_Exercise instructions_. Restate the data below word for word. Leave the images out.

_Source data_.
....

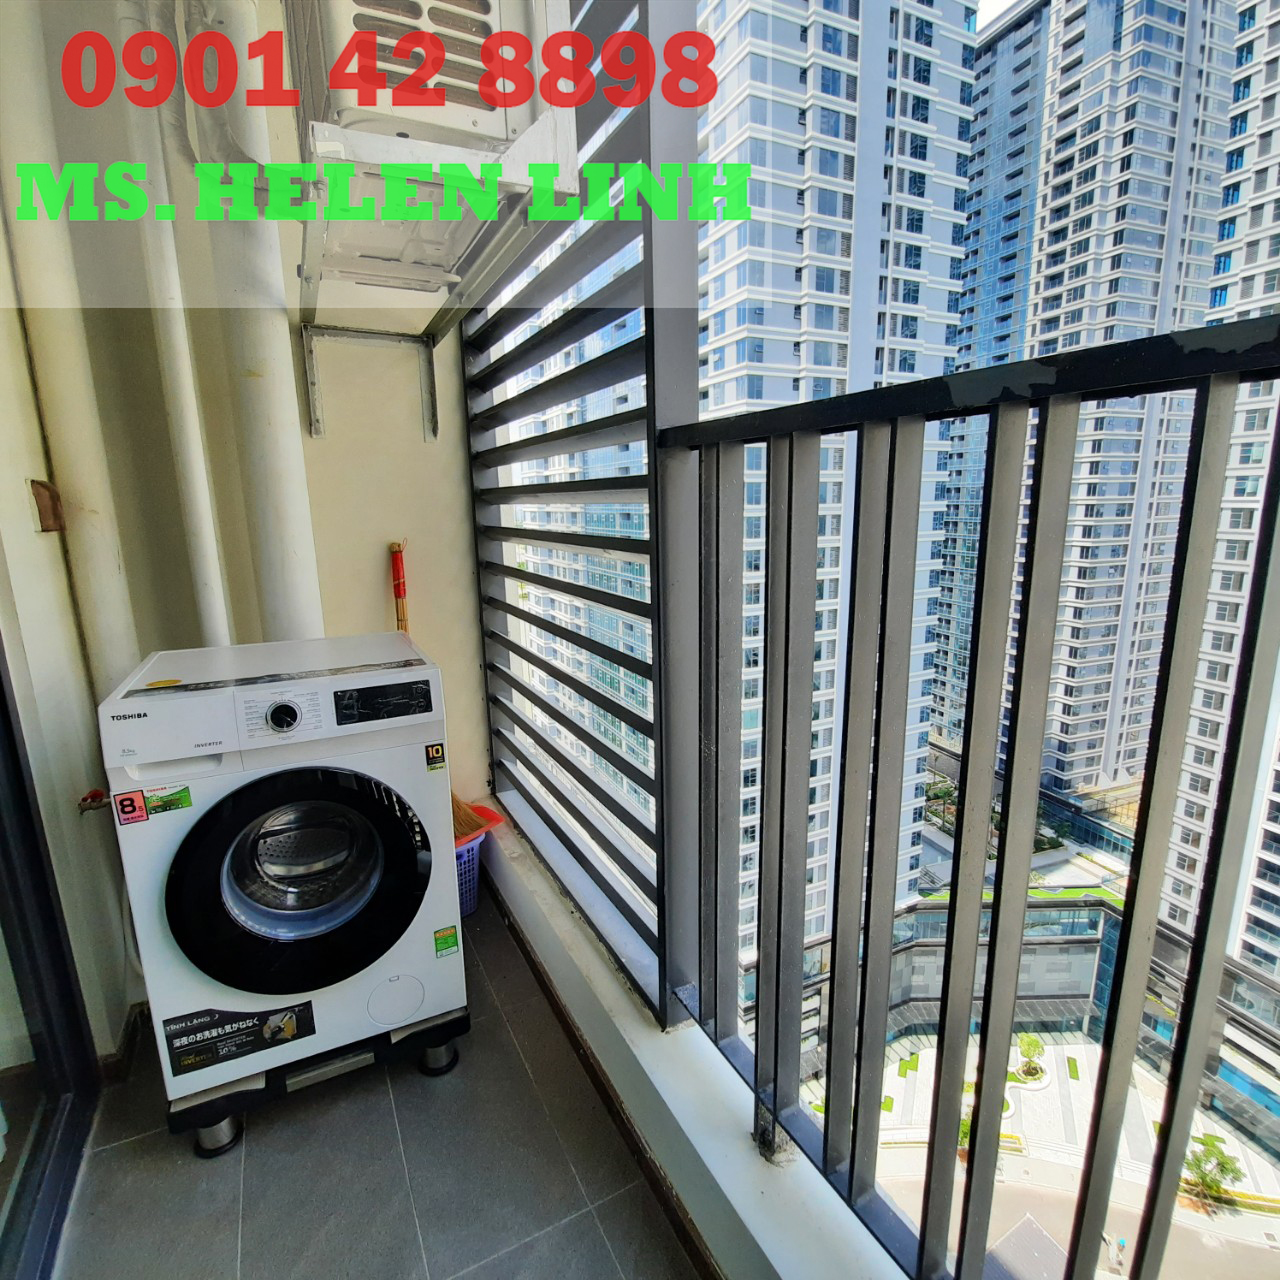 Căn hộ 1PN_50m2 đủ nội thất cho thuê dự án Opal Tower- Saigon Pearl. Hotline PKD: 0901428898
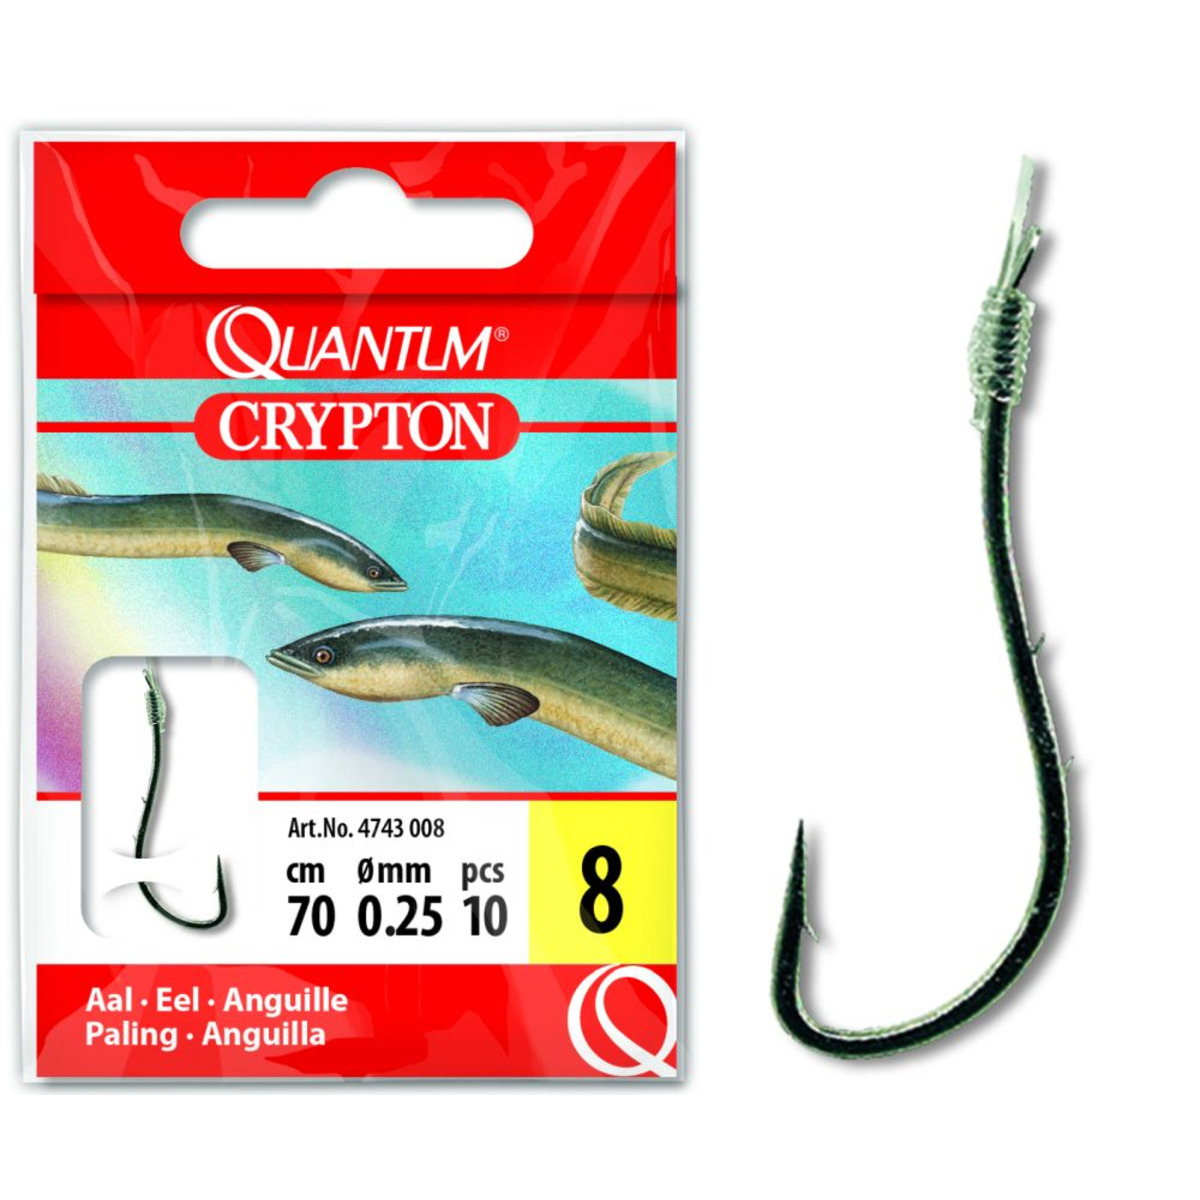 Quantum Crypton Eel Hook-to-nylon - 1/0
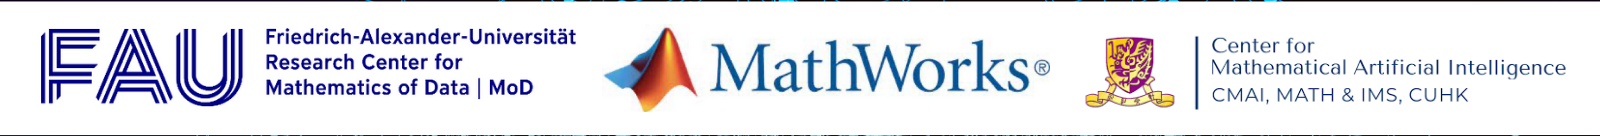 FAU MoD | MathWorks | CMAI

....

_Response area_.
 Căn hộ 1PN_50m2 đủ nội thất cho thuê dự án Opal Tower- Saigon Pearl. Hotline PKD: 0901428898
 Quantum Crypton Eel Hook-to-nylon - 1/0
 FAU MoD | MathWorks | CMAI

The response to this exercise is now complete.